The question isn’t theoretical. Overprescription of pharmaceuticals is a serious, long-standing problem in China that’s at least partly driven by “financial incentives” -- such as bribes -- handed out by pharmaceutical companies to doctors and hospitals. The raw numbers are disturbing. According to a 2012 peer-reviewed paper in Health Affairs, Chinese patients visiting urban primary-care institutions were prescribed 2.6 drugs per visit -- a rate that exceeds World Health Organization guidelines by almost one drug per visit. Even more concerning, 4 out of 10 patients were prescribed antibiotics -- a rate that’s double the World Health Organization's recommendations. Such overprescription contributes to growing rates of dangerous antibiotic resistance in China and globally, as documented in an April WHO report.

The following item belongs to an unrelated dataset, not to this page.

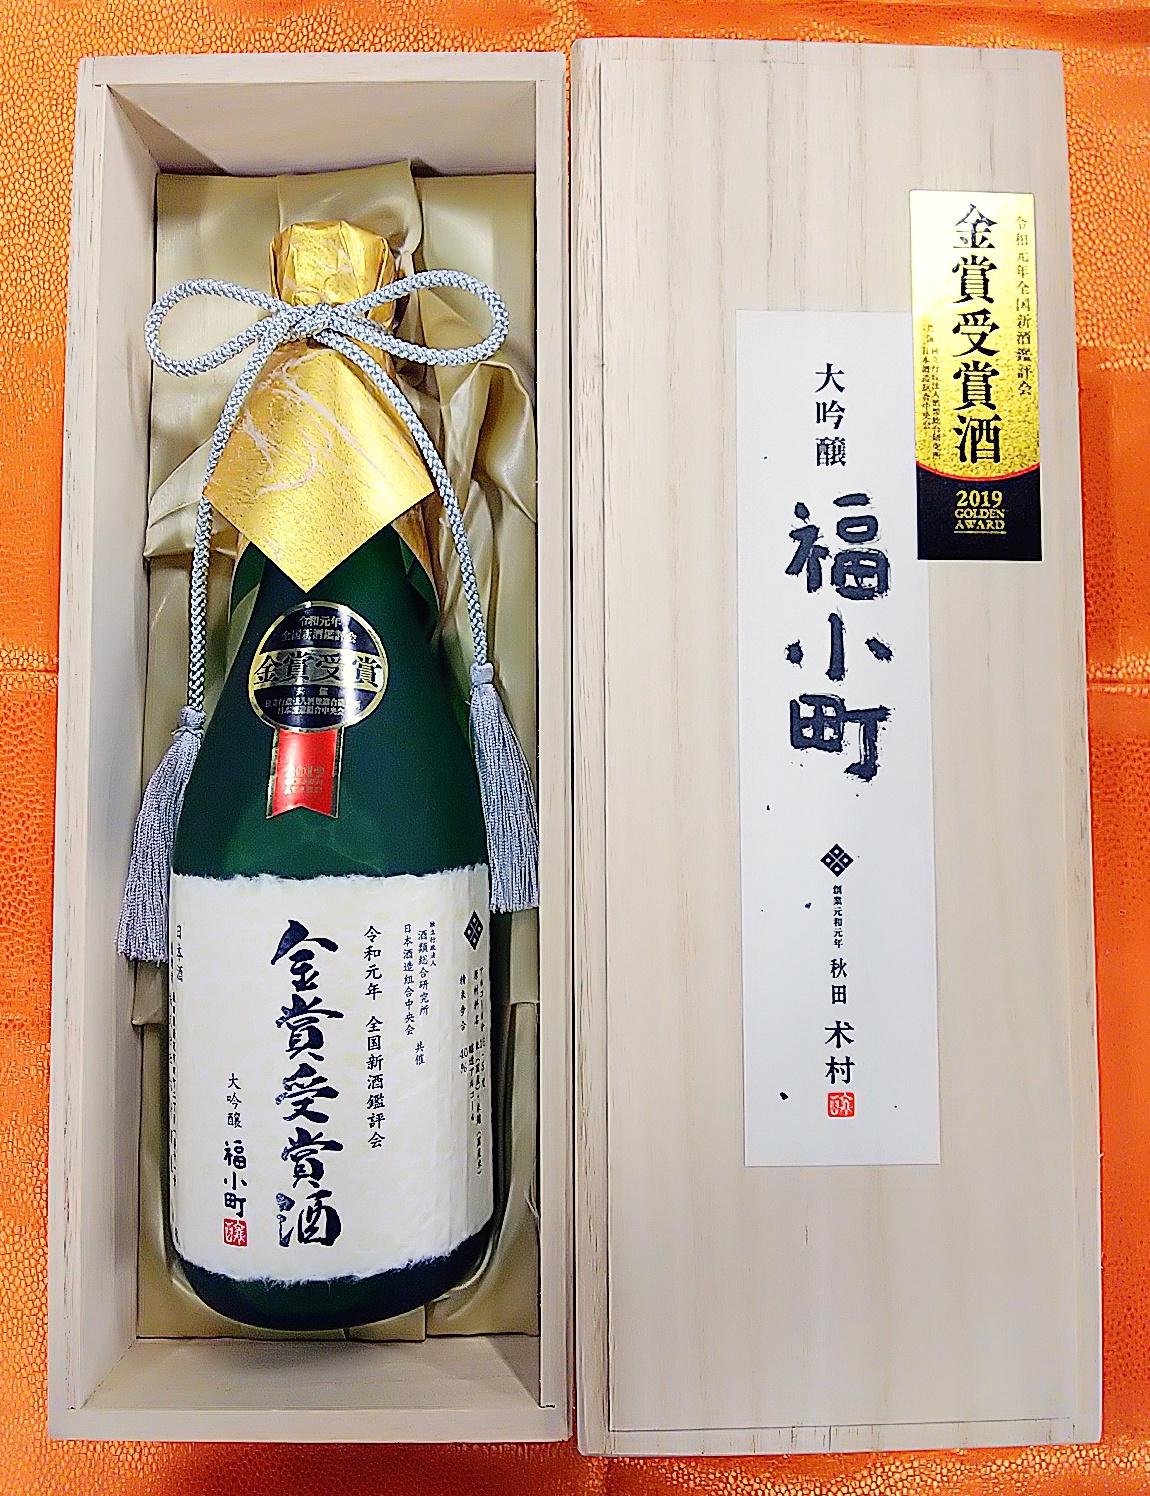 【数量限定!】大吟醸 福小町 金賞受賞酒 (720ml)

How did China’s health-care system arrive at such a dangerous pass? The problems started with reforms in the early 1980s that transformed a largely free, government-subsidized health-care system into one in which the government contributed -- on average -- less than 20 percent to public hospital budgets in 2011, according to one peer-reviewed journal. (Two weeks ago, Hong Kong’s South China Morning Post estimated that the government subsidy now accounts for 7 percent of public hospital revenues.) The reforms might have worked out well for the hospitals but for the fact that prices for hospital services remained highly regulated. In Shanghai, for example, an inpatient hospital visit might cost little more than $1.50, leaving the hospitals to take in patients and find revenue elsewhere.
Chinese hospitals have few alternatives outside of pharmaceutical sales to supplement their revenues. Sure enough, drug sales accounted for more than 40 percent of Chinese hospital revenue in 2011, according to Chinese government data. In the developed Organization for Economic Cooperation and Development countries, such sales accounted for 19 percent. Meanwhile, though data is sparse, it’s a widely acknowledged fact among Chinese regulators and researchers that a sizable percentage of physician income also derives from pharmaceutical sales. Kickbacks can range as high as 20 percent, and markups -- which are regulated at no more than 15 percent -- typically range higher.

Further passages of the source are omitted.